> Instructions to follow
In the material below, the lines between the one holding "2019 Granite Countertop" and the one holding "Le donne T-shirt", inclusive, are to be set down word for word. Pictures stay out.

══ Records provided

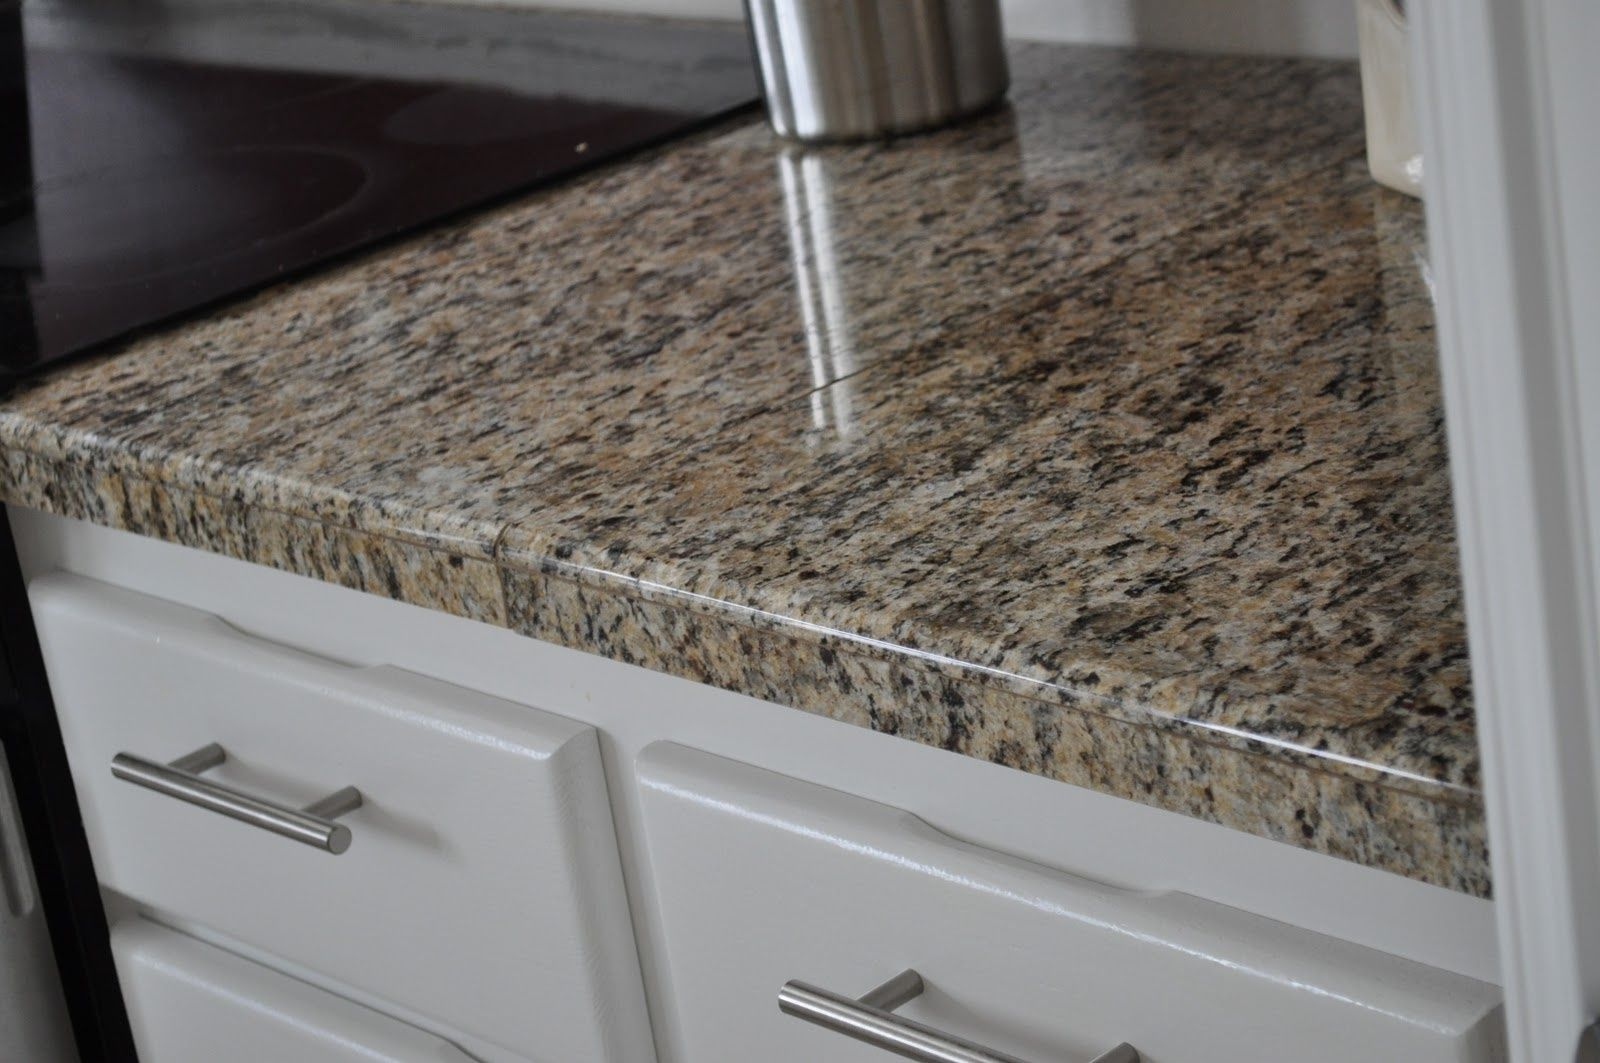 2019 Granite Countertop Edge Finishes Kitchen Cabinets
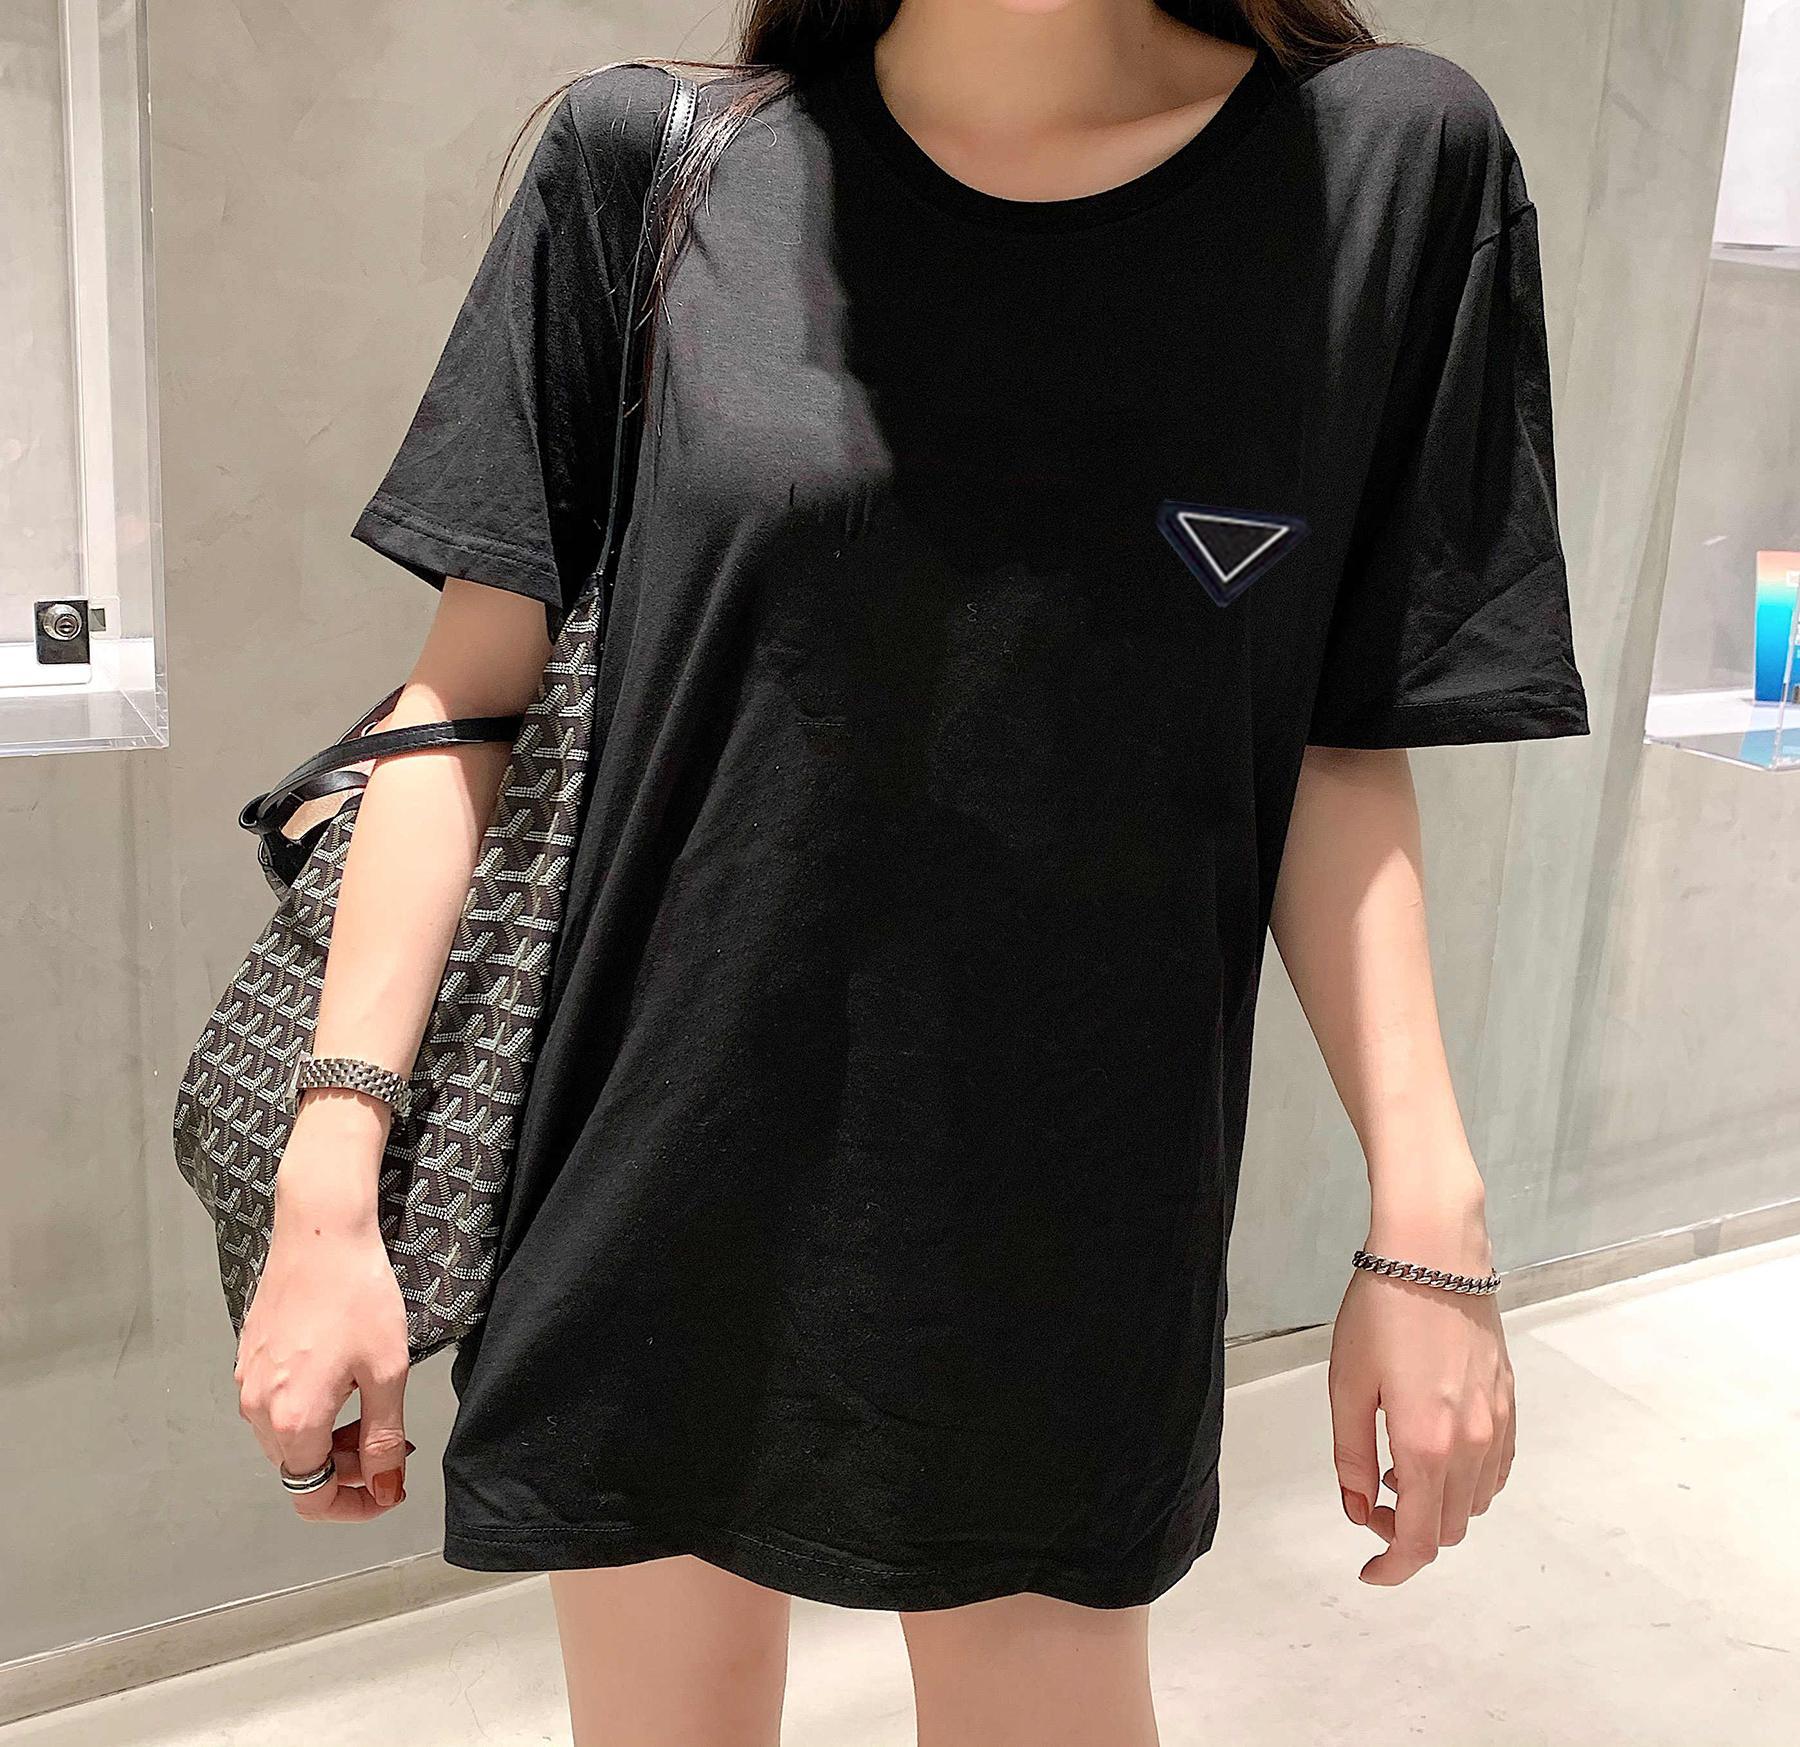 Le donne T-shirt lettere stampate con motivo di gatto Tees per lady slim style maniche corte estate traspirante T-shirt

════
══ Records provided

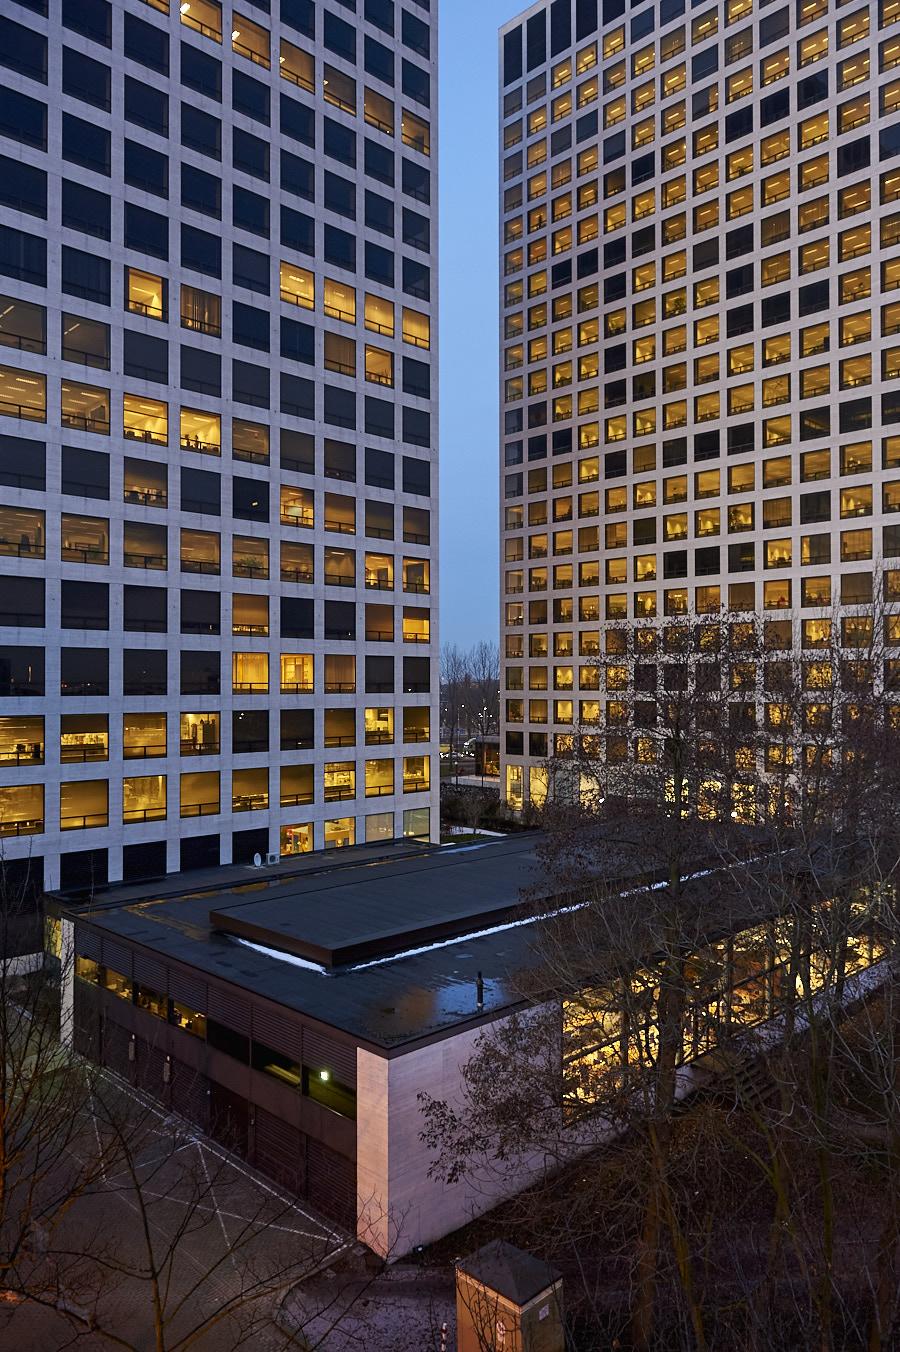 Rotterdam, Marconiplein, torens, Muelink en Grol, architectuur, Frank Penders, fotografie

════
══ Records provided

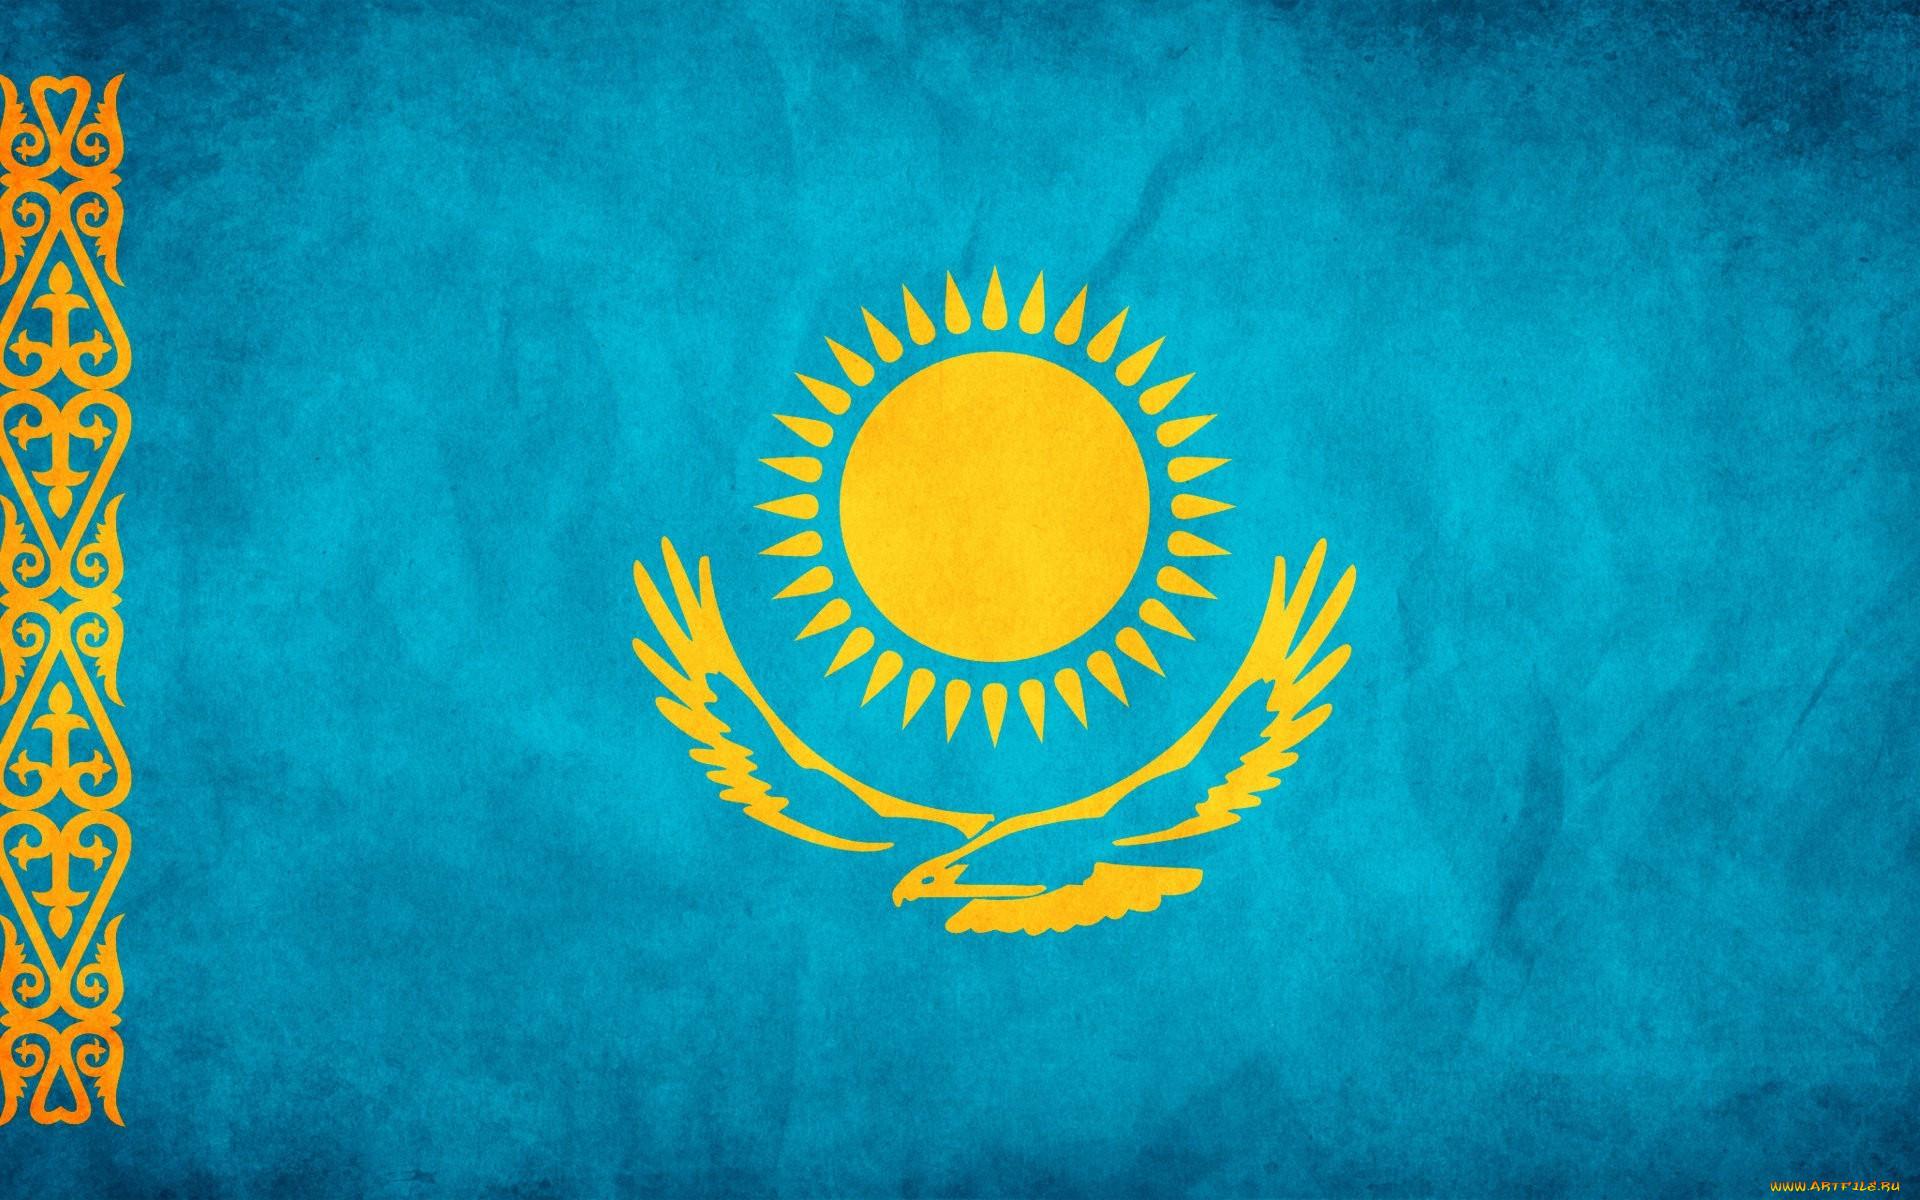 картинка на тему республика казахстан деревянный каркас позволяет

════

> Written solution
 2019 Granite Countertop Edge Finishes Kitchen Cabinets
 Le donne T-shirt lettere stampate con motivo di gatto Tees per lady slim style maniche corte estate traspirante T-shirt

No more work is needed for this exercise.